In his global evangelism about the threat of climate change, Gov. Jerry Brown has dismissed skeptics as “troglodytes” and “deniers of the obvious science.”

But Brown, who in recent years has emerged as a premier climate warrior, has refused to ascribe those characteristics to Donald Trump since his election as president, despite the Republican businessman’s support for fossil fuels and repeated dismissals of climate change as a hoax perpetrated by the Chinese.

In brief remarks about the subject, Brown said Monday that it would be difficult for the U.S. to “go rogue” on climate change.

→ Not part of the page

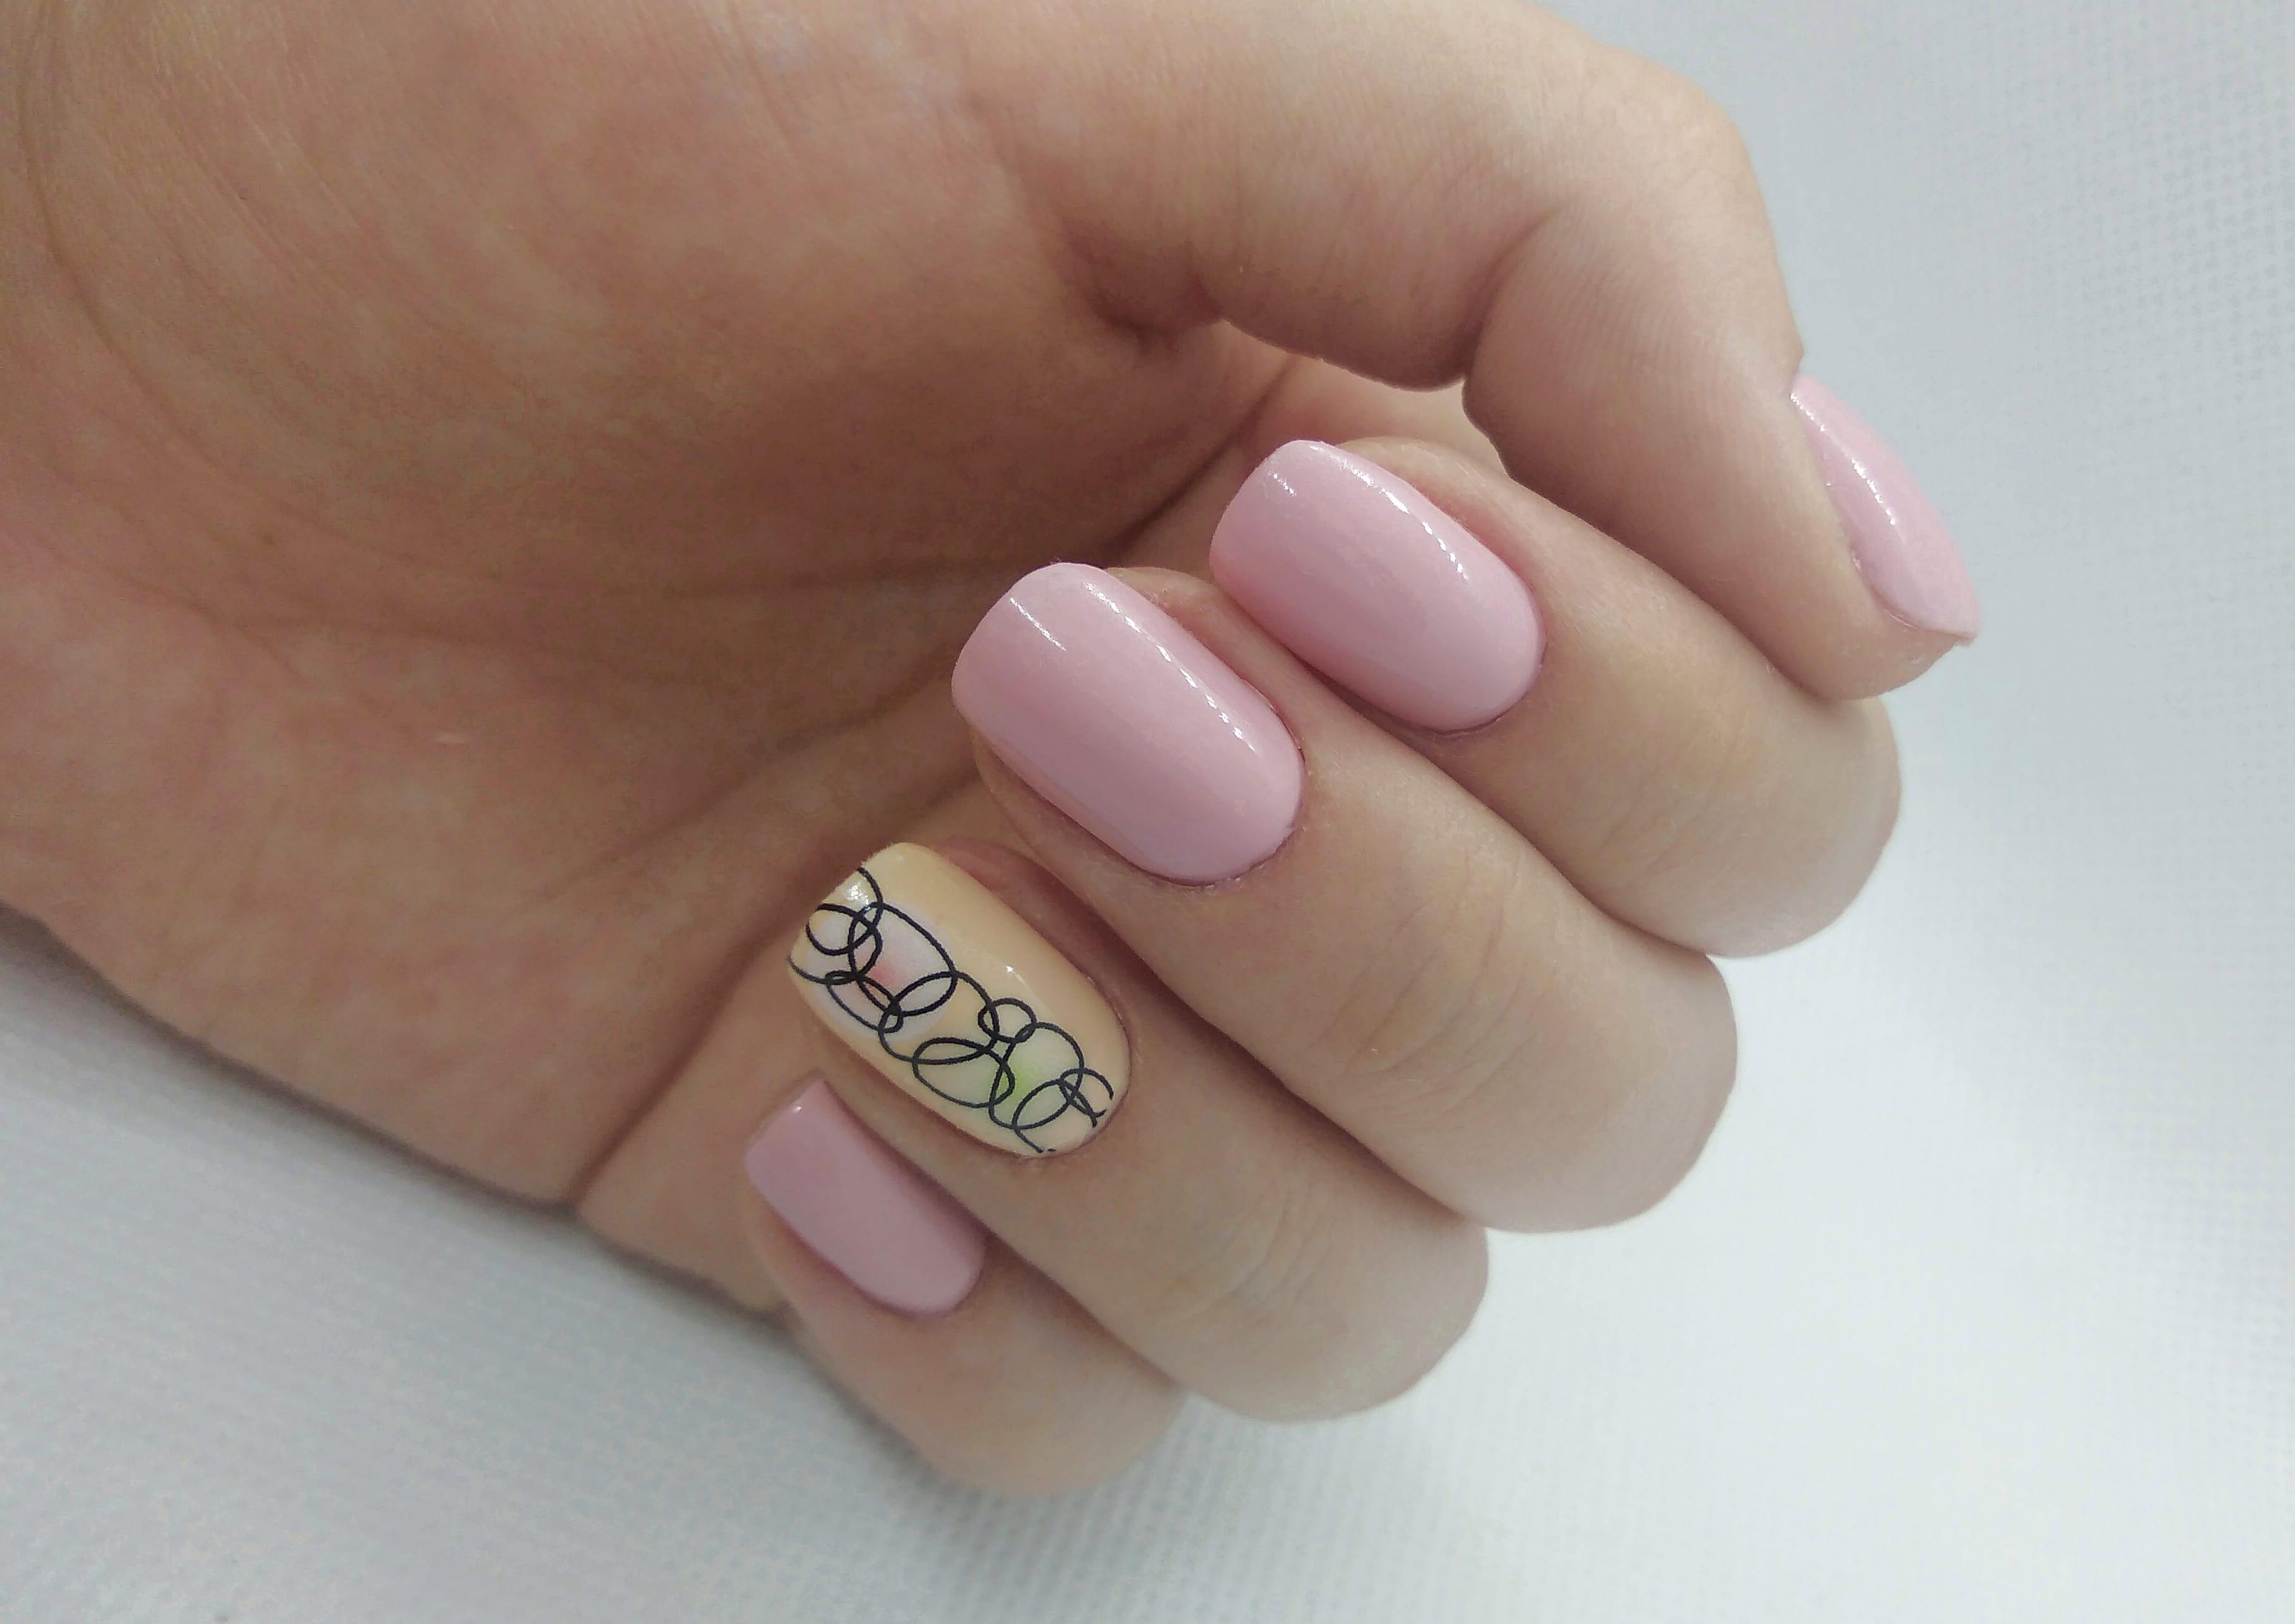 Маникюр с абстрактным слайдером в розовом цвете на короткие ногти.

He went further Tuesday in a broadcast discussion with former Vice President Al Gore, predicting a “negative and very powerful” backlash throughout the world should Trump continue to voice his denials and impede the environmental progress of the last eight years.

“I don’t think given the science and given the rising concern that that is a sustainable political trajectory – even for the president of the United States,” he said.

Brown was a guest on Gore’s sixth-annual “24 Hours of Reality” broadcast, a program that at least during the final hour did not appear to offer much in the way of dissenting views. Gore, one of the world’s most prominent climate activists, met with Trump on Monday, offering hope to some environmentalists.

On Tuesday, Gore seemed to commiserate with Brown about ways to break through the “formidable denial” demonstrated by “some smart people.” Brown, for his part, agreed they can be tough to convert.

“But,” he said, “there are many more people, by tens of millions, that as reflected in the surveys are open to this idea. And they know the climate is changing.”